他已经读懂了,内森是站在他这边的。珀金在心里默不作声地把‘避免差评’更换成了‘争取全力支持’。
随后,珀金就瞄到门肯又灌了一口酒,拿起茶几上的书,翻开。
珀金按捺住自己的躁动,静静地看着H.L.门肯向后匆匆翻了好几页。《人间天堂》在对方手中沙沙作响。珀金看到门肯往复地翻动,仍压制着不安和急切,直到对方拧起了眉头。他才适时站起来,绕到门肯身边,道:“请允许我翻给您看看,门肯先生!”

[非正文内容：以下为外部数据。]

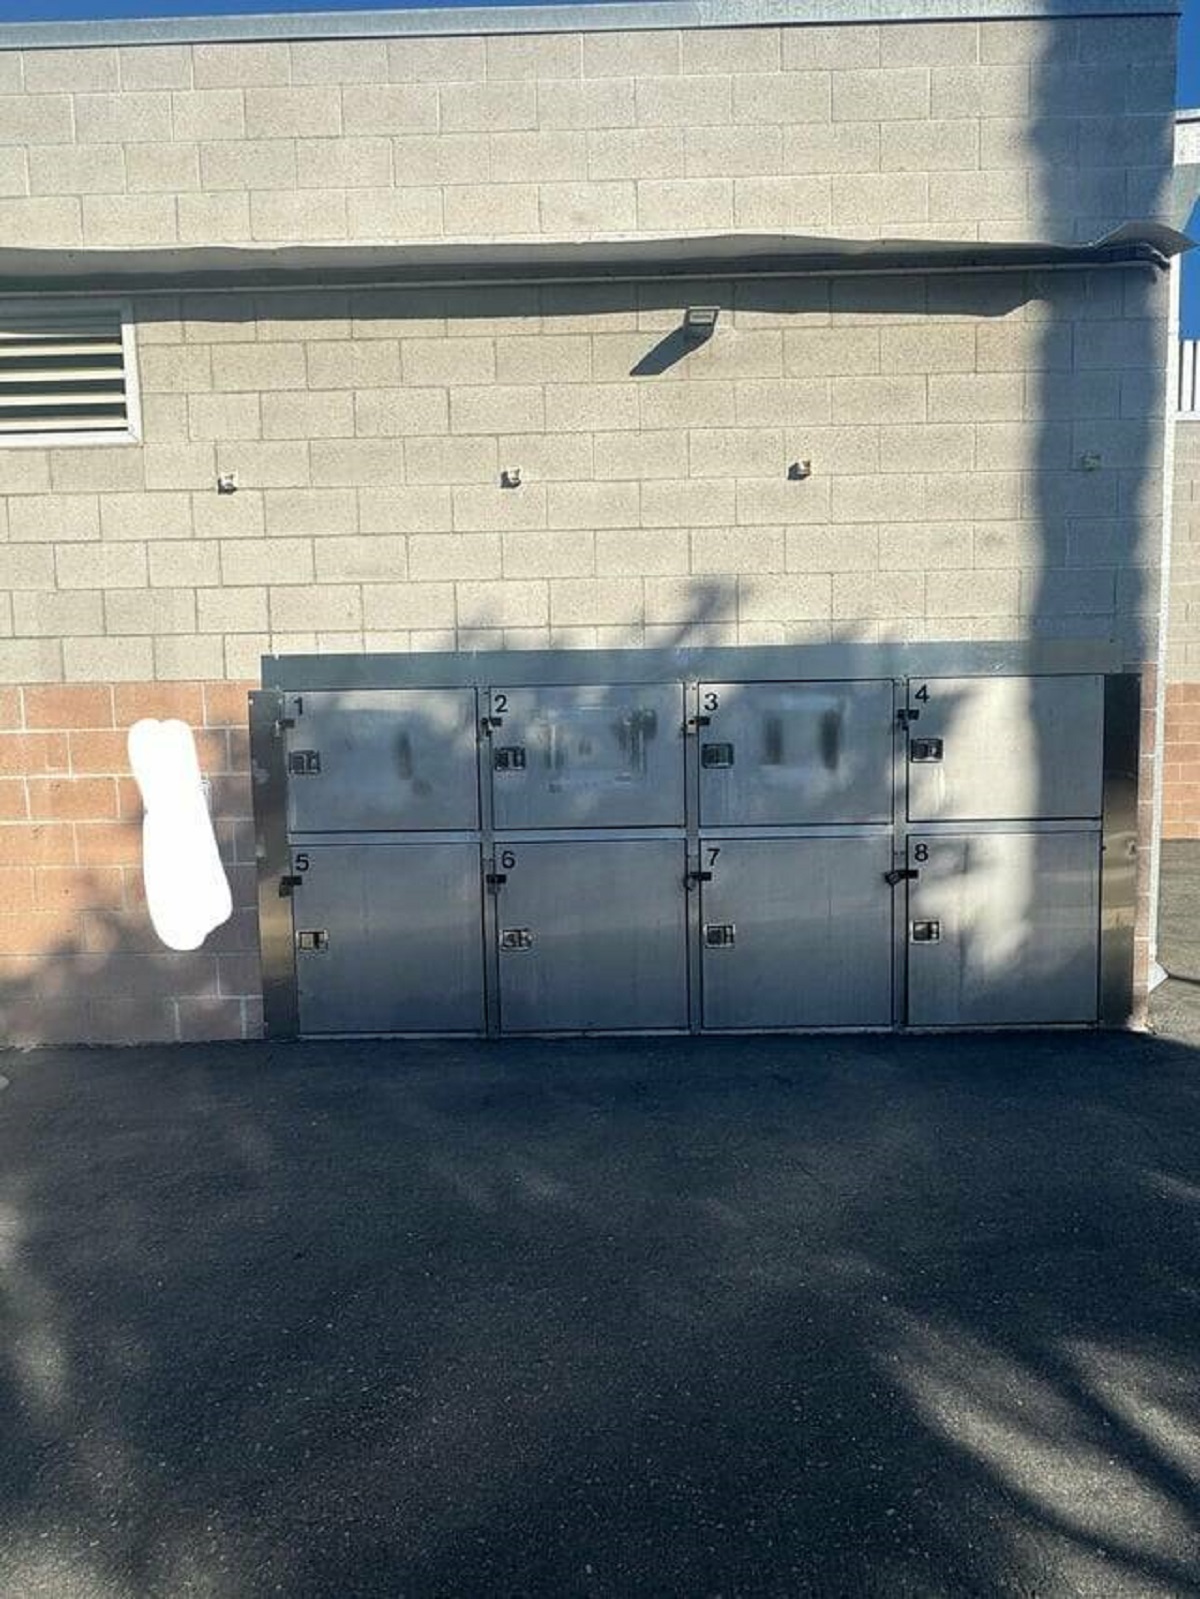 "The back alley of this animal shelter in San Diego has a night drop box for animals. The sign just the left has instructions for accessing a unit."

得到对方的准许后,珀金快速地为门肯找到《人间天堂》中真正的高光时刻,一点点给门肯展示。
“这是一代新人。他们在日日夜夜的幻梦中呐喊着前辈的呐喊,遵循着前辈的信念;终将注定走出幻梦,走进肮脏、灰暗的动荡社会,去追寻爱与尊严;这代新人要比老一辈人更希望摆脱贫困,更崇尚成功,他们因此而愿意付出更多代价;他们长大成人,发现诸神皆死,百战俱殆,一切对人的信念也动摇了……”
这一段内容读完了,H.L.门肯没有拒绝珀金给他展示更多。而珀金也一直观察着这位评论界的泰山北斗,对方的表情变得越来越严肃。
珀金不知道对方在想什么。他很想适时地为菲茨杰拉德吹捧上两句。但他也很清楚,按照H.L.门肯表现出的性格,结果很可能适得其反。
对方不喜欢被利用和算计的感觉。
珀金只能选择放手,选择相信菲茨杰拉德和《人间天堂》。他也的确如此坚信着。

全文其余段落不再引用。